When we left, as we walked back to the car I first noticed a large mini-skirted bunny rabbit flag down a cab. Then, we walked past a vampire, a clown and a pirate standing together engaged in what appeared to be a serious conversation. In the three blocks we walked to the car we passed a surprising number of strange and mysterious creatures each on their own private trajectory. I was confused for a moment, well, at least for the bunny rabbit, before recalling that, yes, indeed, this is the Halloween season.

Brian Kiely, minister of our UU congregation in Edmonton, Alberta observes “I have always loved Hallowe’en for more than just the costumes and the sugar rush. It is the gateway to the season, the celebration of hidden things and shadowy wisdom. All Souls followed by All Saints. I usually take the dog for a walk on Hallowe’en night after the three foot goblins have gone home with their loot. I feel the leaves blowing and somehow the possibility of spirits reaching out through the veil and across the breeze seems very real.”

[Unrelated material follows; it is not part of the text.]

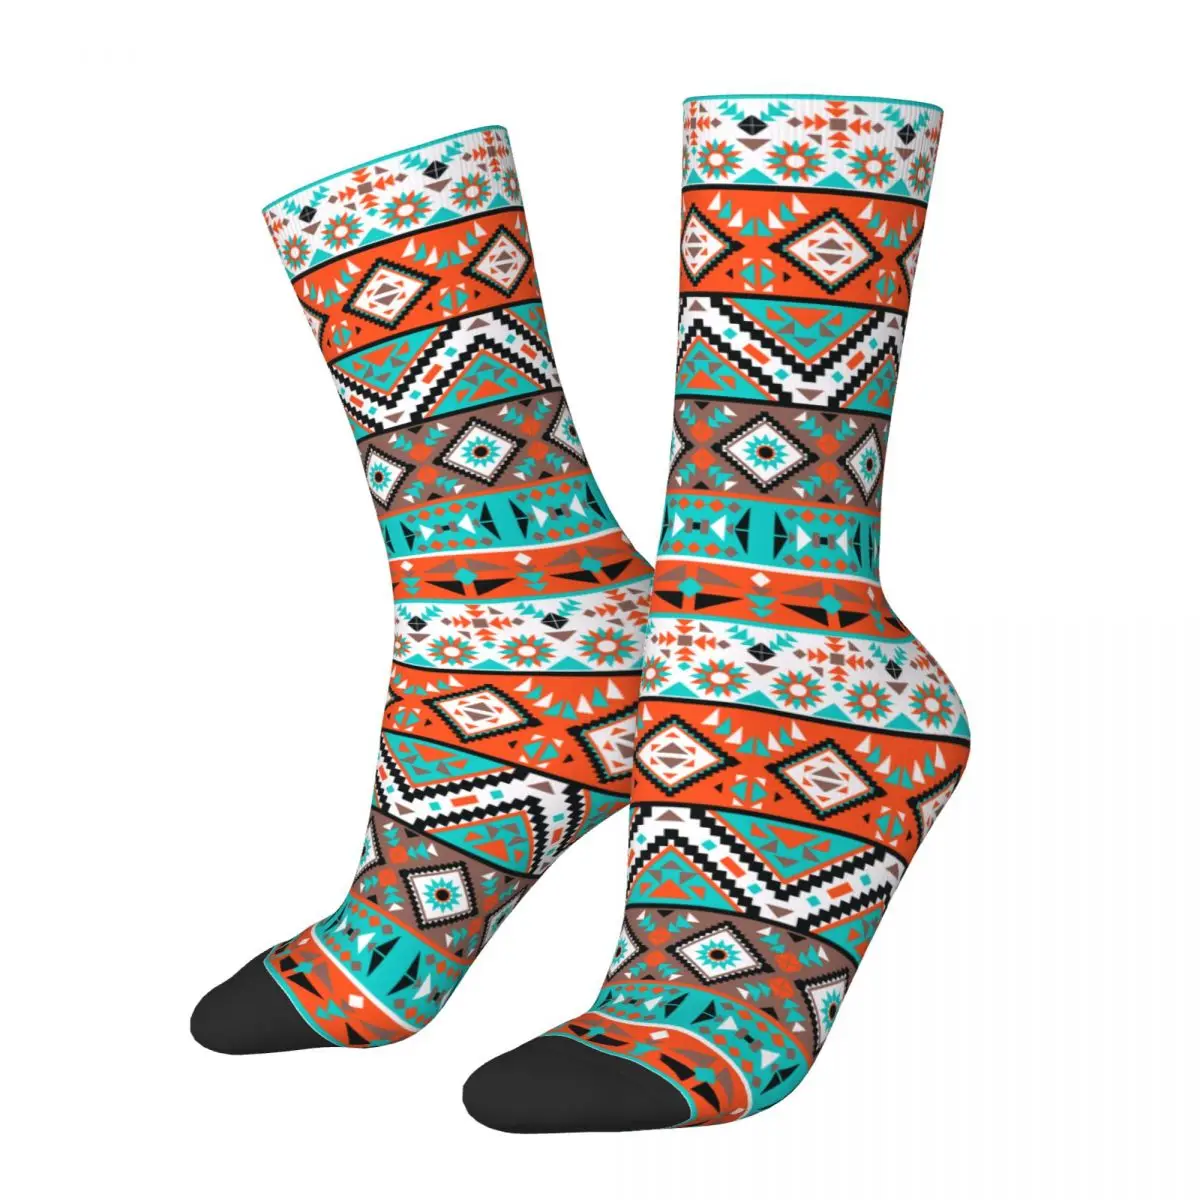 Male Navajo Southwest Socks Cotton Casual Socks High Quality Accessories Middle TubeSocks Small Gifts

It is the tradition of western myths that Halloween, this season, is a time in the cycles of our lives when the divisions between the worlds of the living and the dead are stretched to the thinnest possible membrane, and, occasionally, torn asunder. I’m caught up with that idea of pushing through and discovering other worlds.

Today, I want to make a dangerous invitation. I want to suggest we could profit from opening ourselves up to wonder and possibility and mystery. In that spirit, today I’d like to push the question about those worlds. The Halloween tradition of division is between living and dead. But the divisions that mark our lives, that create multiples of worlds, are obviously more than just living and dead. As important to most of us as that concern, life and death might be; I suggest as people committed to a quest for authenticity, for wisdom, we are also being offered a chance to peak behind several veils.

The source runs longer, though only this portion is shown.